In the whole process, the role of the On Oc village elder was very important. TEW staff believe that only traditional leaders and traditional customs are strong enough to protect natural resources. If TEW did not act to help Mr Lenh protect his community traditions, the result would have been very different. The men from Dat Viet company would never have explained the true outcome of the road, whereas TEW helped the villagers understand their options, and the consequences of their actions.
The donor, ICCO, also displayed a great deal of flexibility. ICCO does not normally fund infrastructure projects. But Kees de Ruiter says it was easy to understand why the villagers needed the road: “You can’t protect a forest by building a wall around it; you can’t be too dogmatic,” he says. “The road was very cheap compared to similar projects, with a high degree of participation.”
After the road was finished, the On Oc villagers began to grow a great deal more corn. Using a new type of seed, they grew the corn on flat land previously used for dry rice that had very low yields. The village elder maintains the no forest has been cut down to make way for corn fields. In fact, he says old corn fields on the hills were replaced with community forests - so the road has indirectly increased the area of forest around the village.
Many families now have motorbikes and improved housing, and hunger has almost disappeared. But Lenh doesn’t like to talk about these improvements too much. When asked how the road has changed his community, he just laughs: “TEW should come and do an evaluation,” he says, “because if I talk about the changes I’ll sound too proud!”

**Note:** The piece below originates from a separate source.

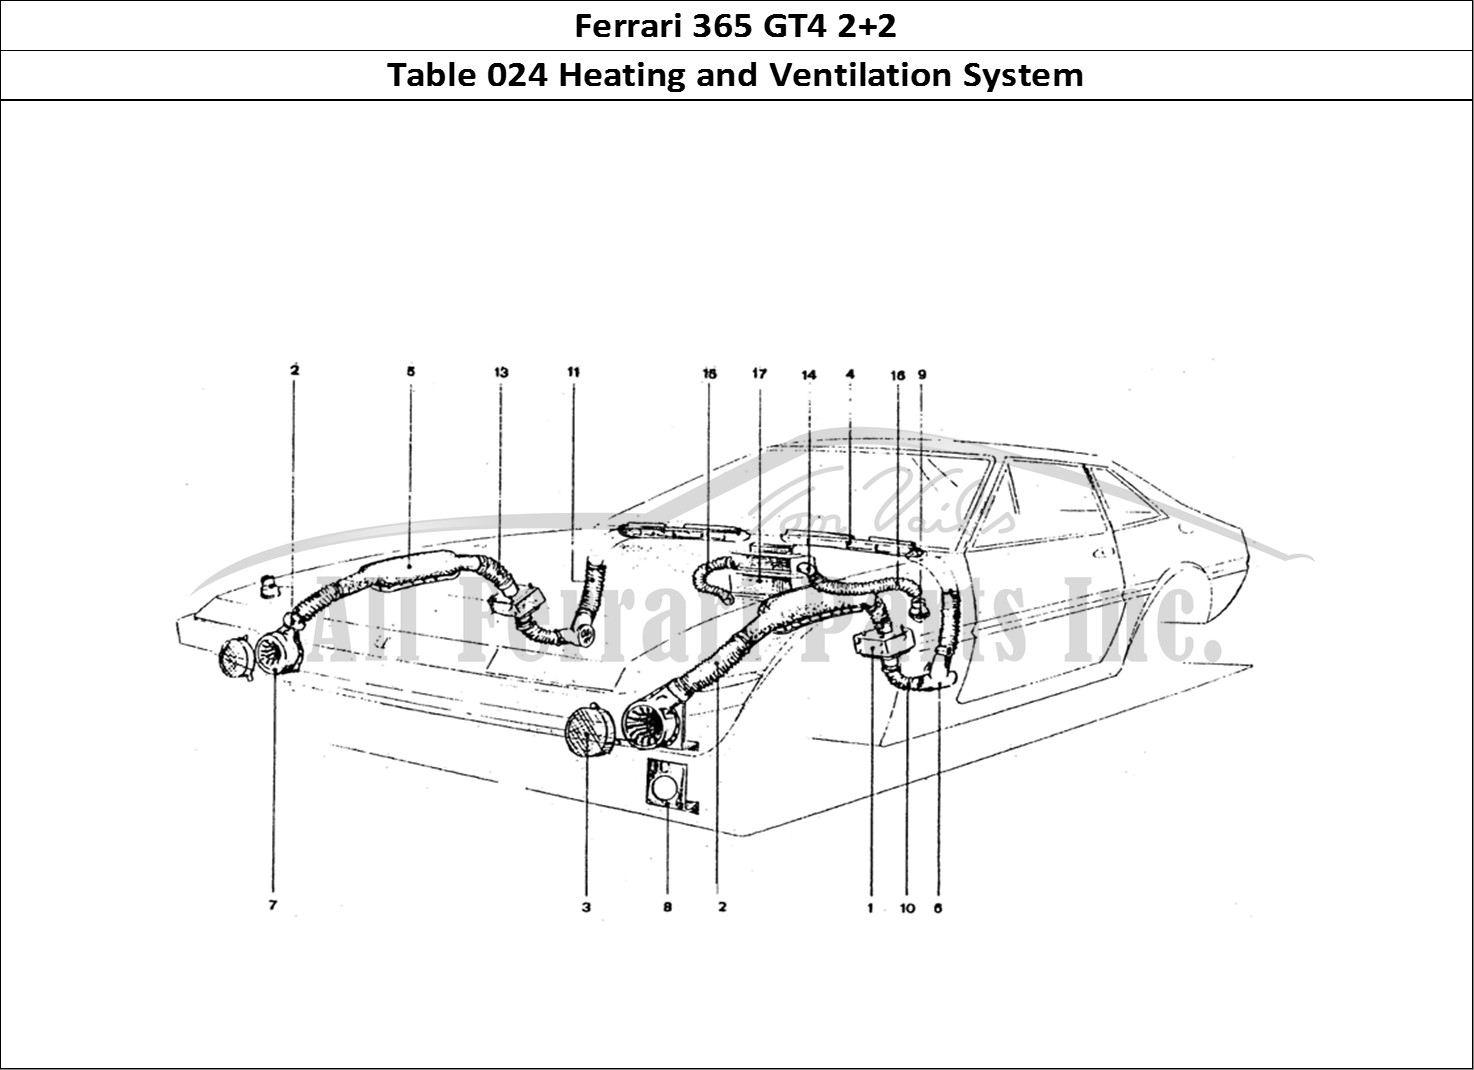 Ferrari Parts Ferrari 365 GT4 2+2 Coachwork Page 024 Heaters & Blowers

‘Nao Song’ is a very important traditional customs in spiritual life of H’mong people. Elders discuss together about traditional education, moral norms, good traditional customs, that should be transferred to young generation, such as behaviour towards forest and natural resources. This reminds every generations in the community the way to behave with each other, mutual help, development together. Unsuitable regulations, customary law should be reviewed, adjusted. The elders also discuss and decide on training and selection of new village elders, solution of education for children, maintainance of order and security in H’mong communities, rectifying error, implementation of state policies.